Data records Start Marker
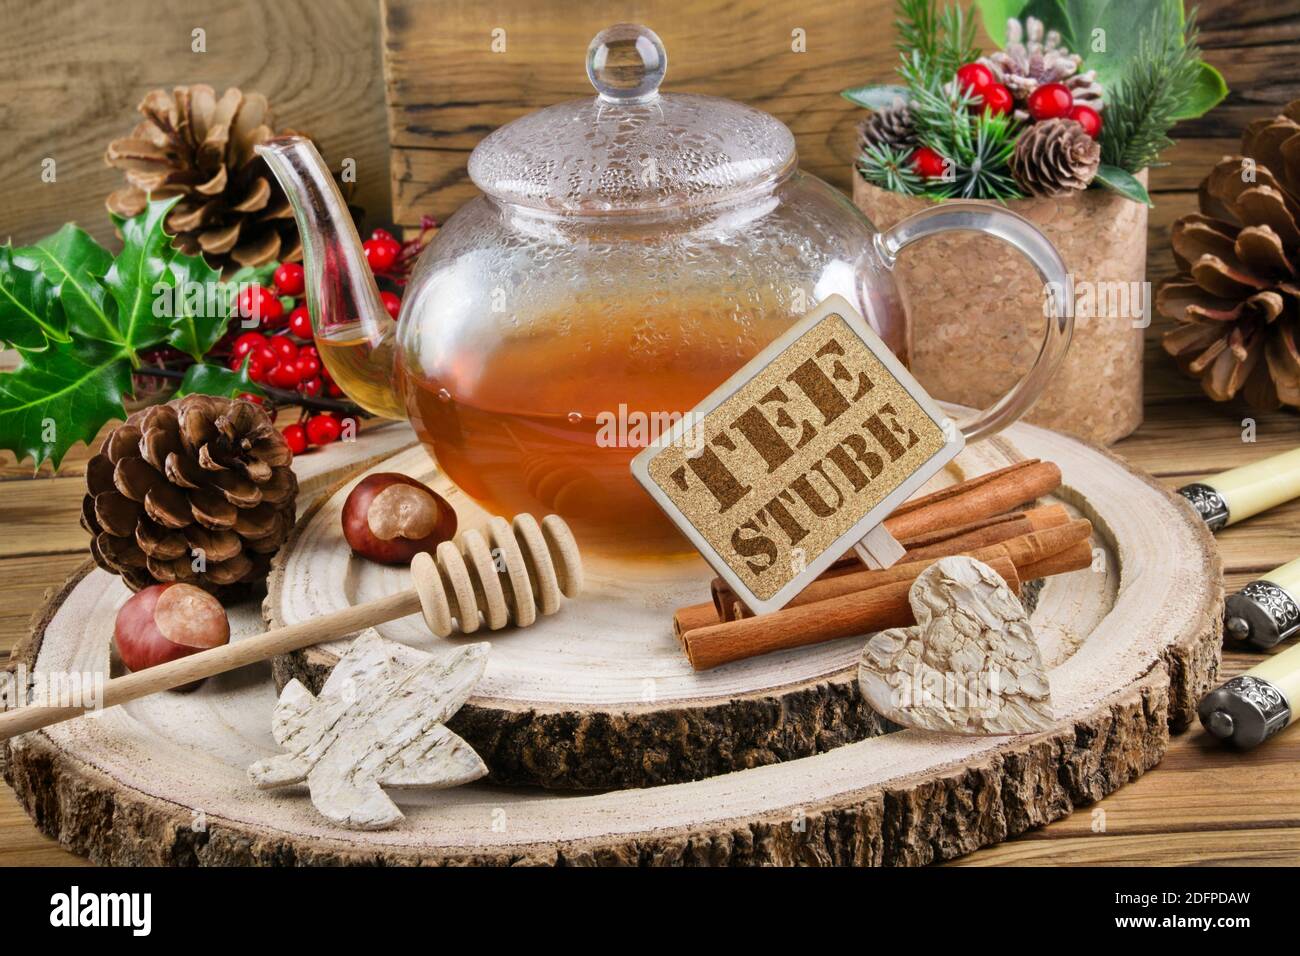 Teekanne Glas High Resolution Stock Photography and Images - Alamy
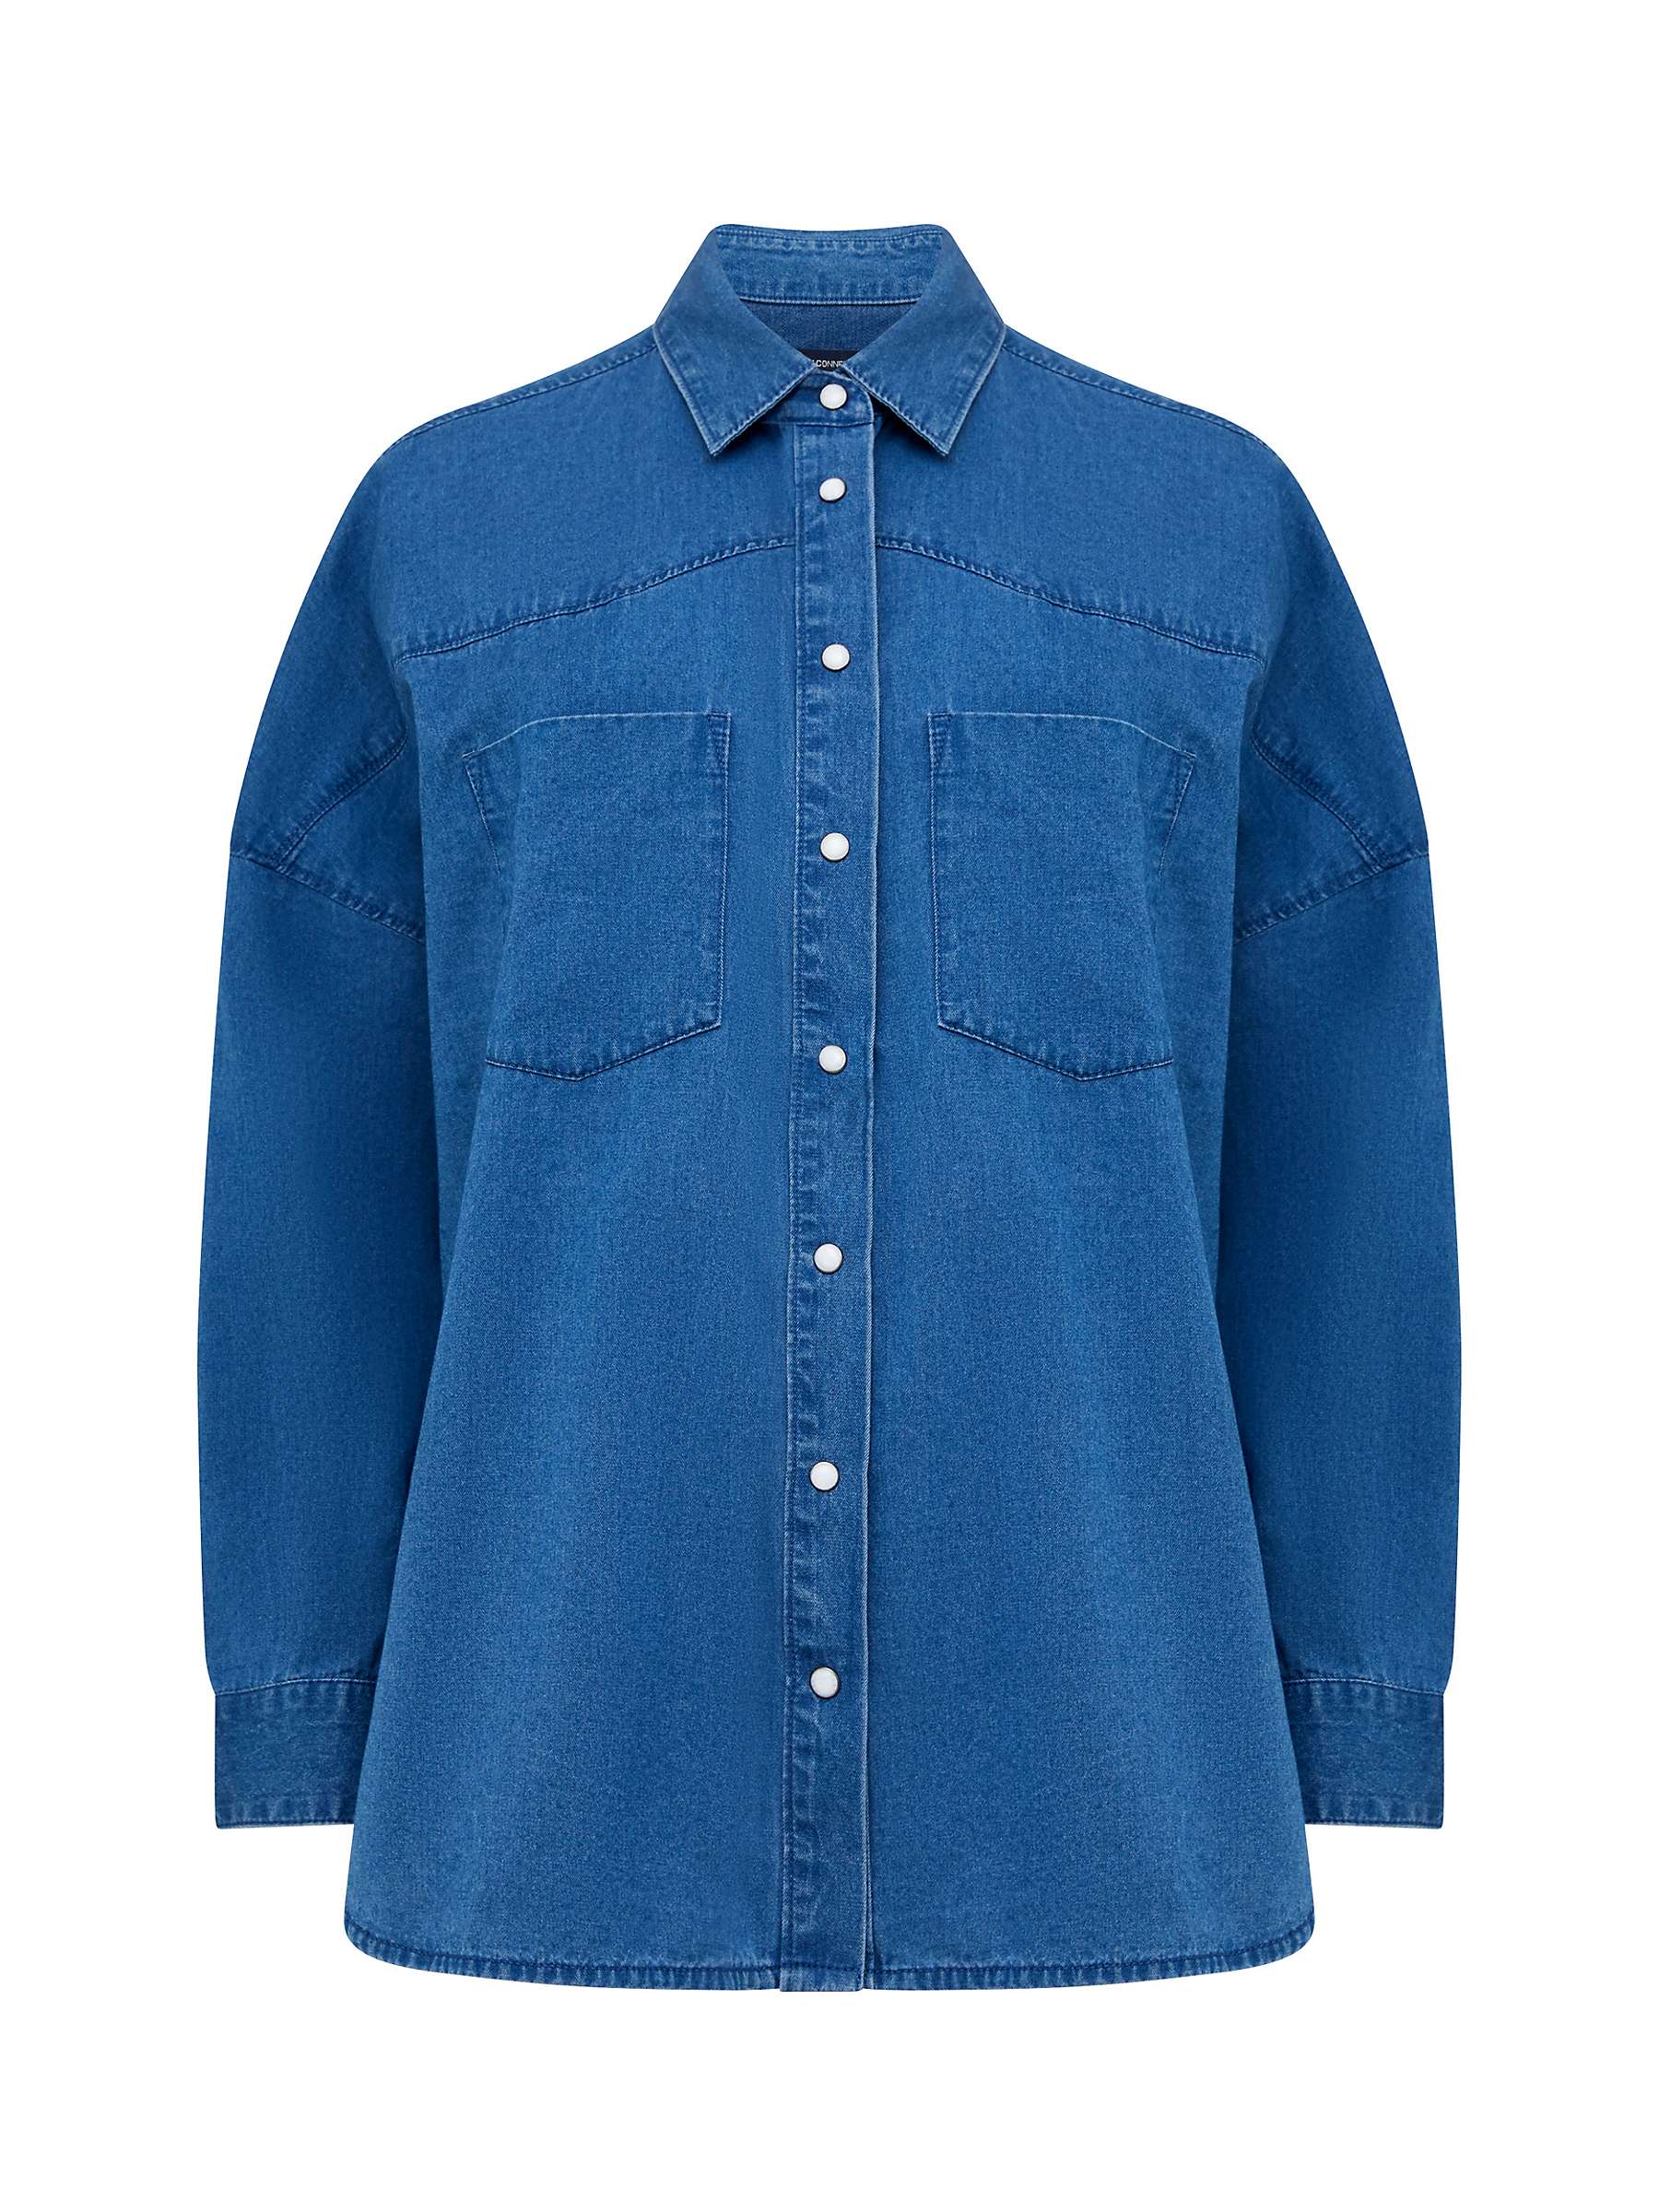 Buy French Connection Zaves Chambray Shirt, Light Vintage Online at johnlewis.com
Data records End Marker
Data records Start Marker
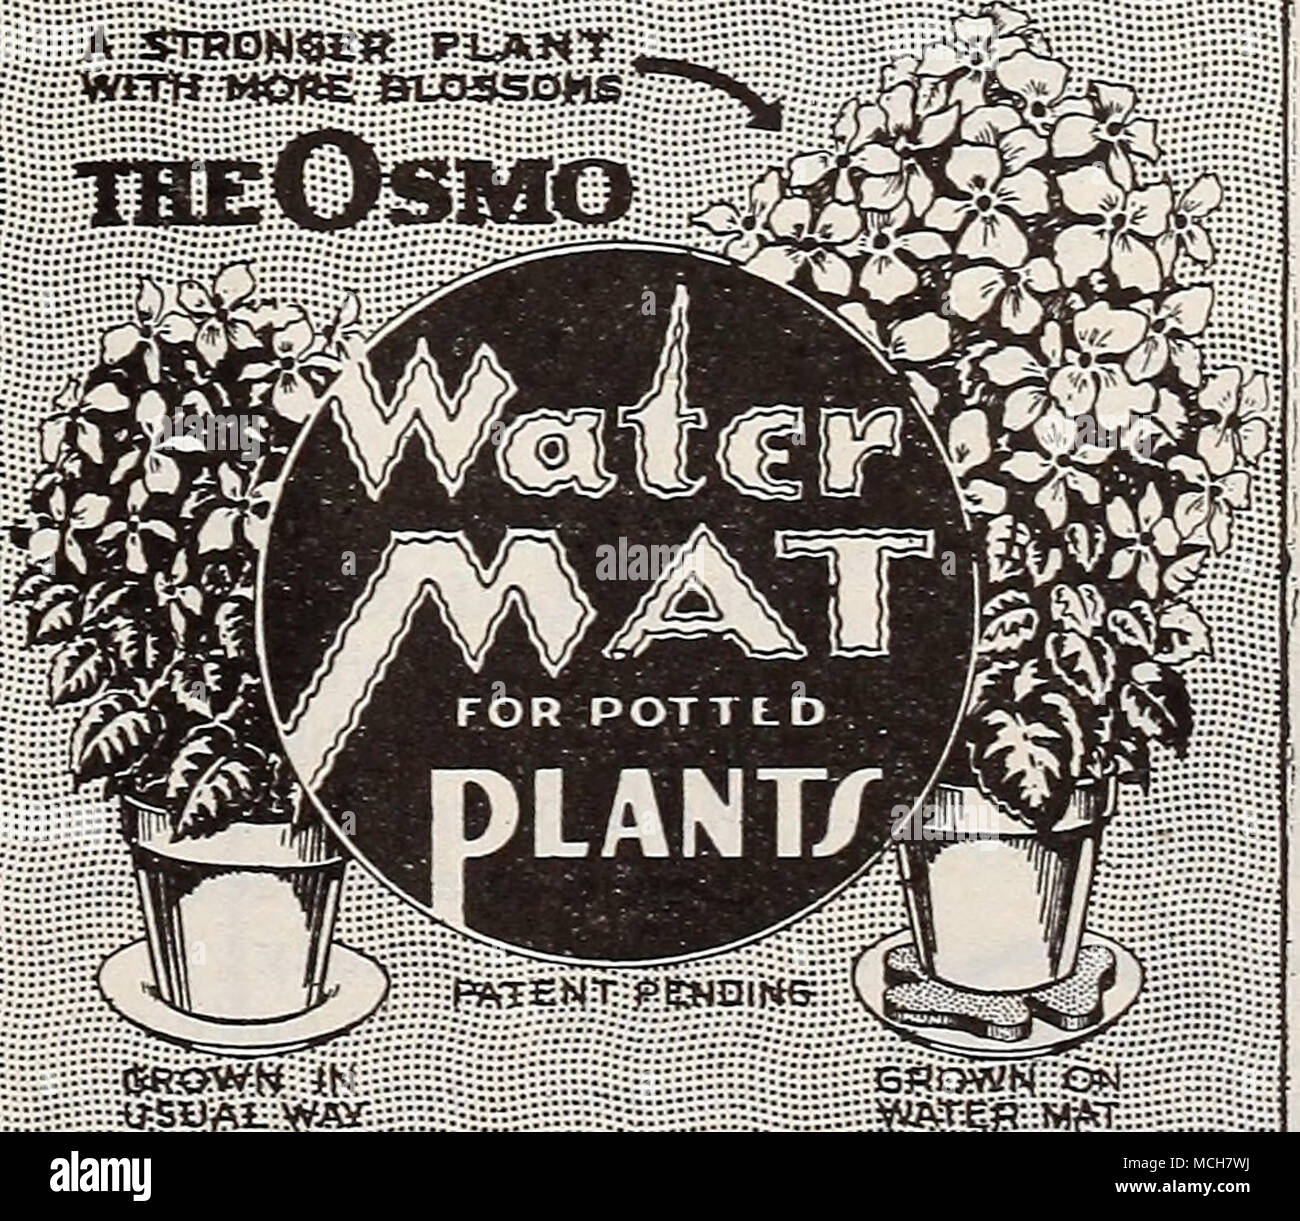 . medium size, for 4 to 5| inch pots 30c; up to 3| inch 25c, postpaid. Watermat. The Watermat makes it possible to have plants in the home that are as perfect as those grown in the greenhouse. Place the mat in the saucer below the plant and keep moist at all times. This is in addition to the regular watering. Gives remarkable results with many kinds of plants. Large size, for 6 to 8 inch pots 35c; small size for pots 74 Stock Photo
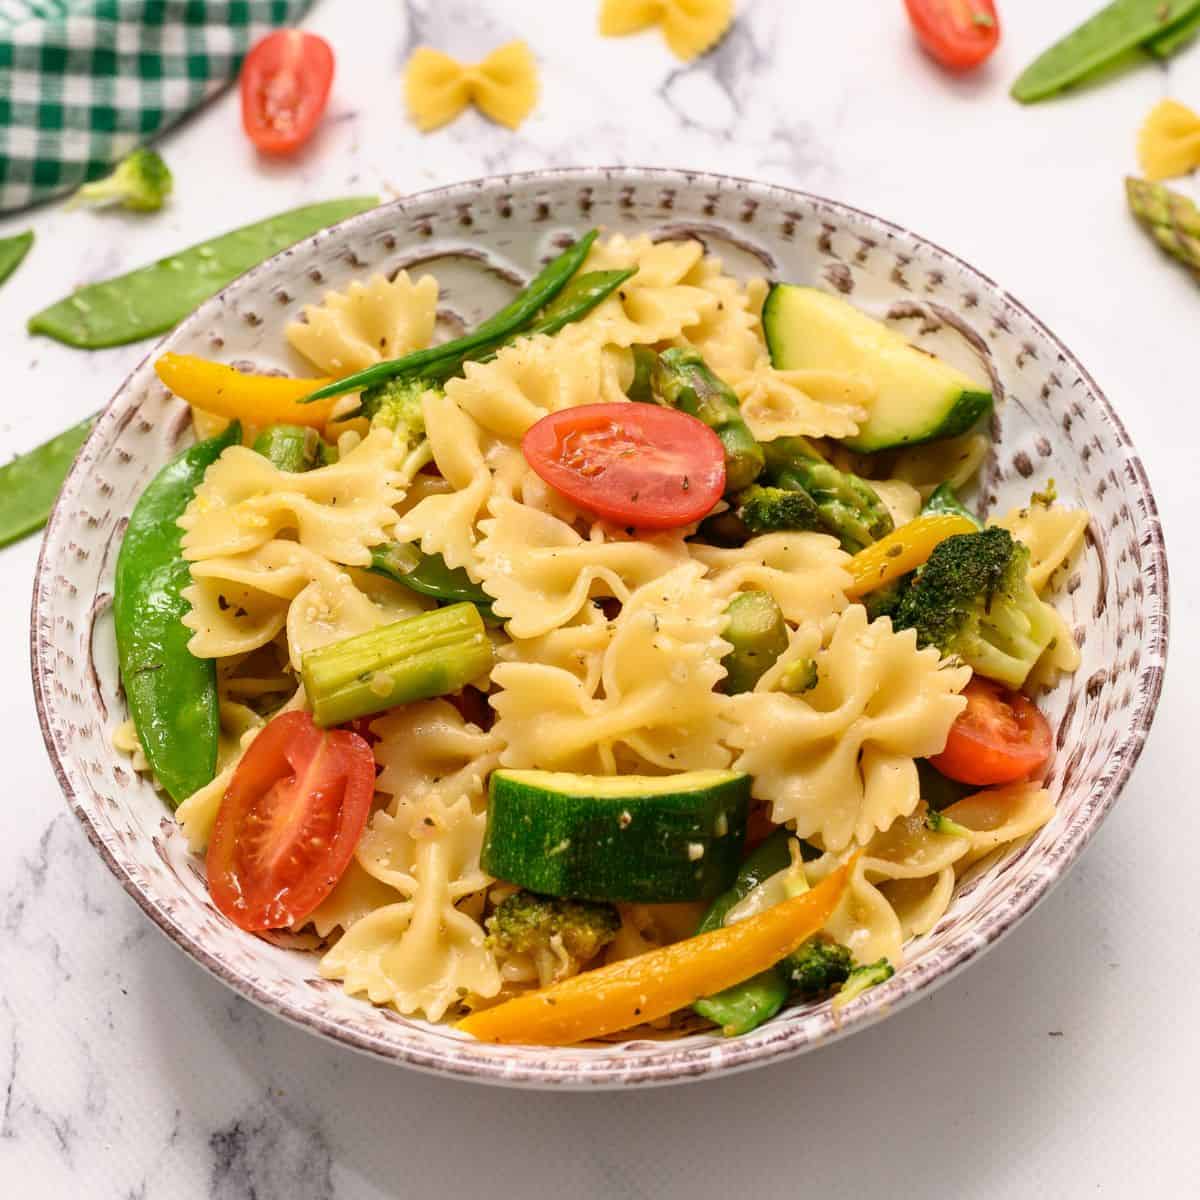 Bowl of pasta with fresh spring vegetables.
Data records End Marker
Data records Start Marker
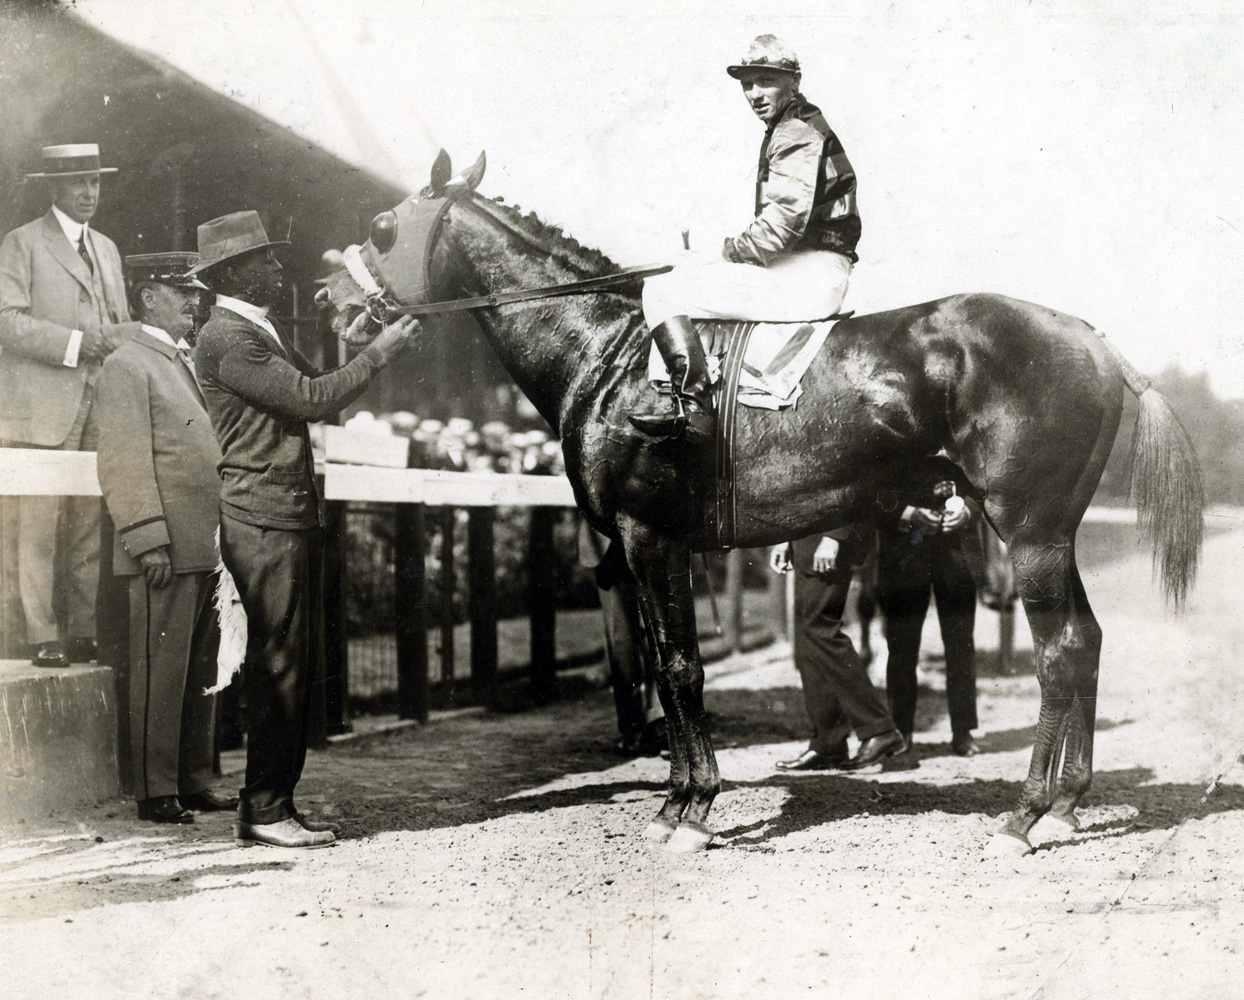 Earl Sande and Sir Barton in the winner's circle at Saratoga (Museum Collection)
Data records End Marker
- _Exercise brief_:
Only the lines of the listing above from the one with "74 Stock Photo" through the one with "Bowl of pasta with fresh spring vegetables." should be output, exactly, with both ends kept and pictures left out.

- _Worked solution_:
 . medium size, for 4 to 5| inch pots 30c; up to 3| inch 25c, postpaid. Watermat. The Watermat makes it possible to have plants in the home that are as perfect as those grown in the greenhouse. Place the mat in the saucer below the plant and keep moist at all times. This is in addition to the regular watering. Gives remarkable results with many kinds of plants. Large size, for 6 to 8 inch pots 35c; small size for pots 74 Stock Photo
 Bowl of pasta with fresh spring vegetables.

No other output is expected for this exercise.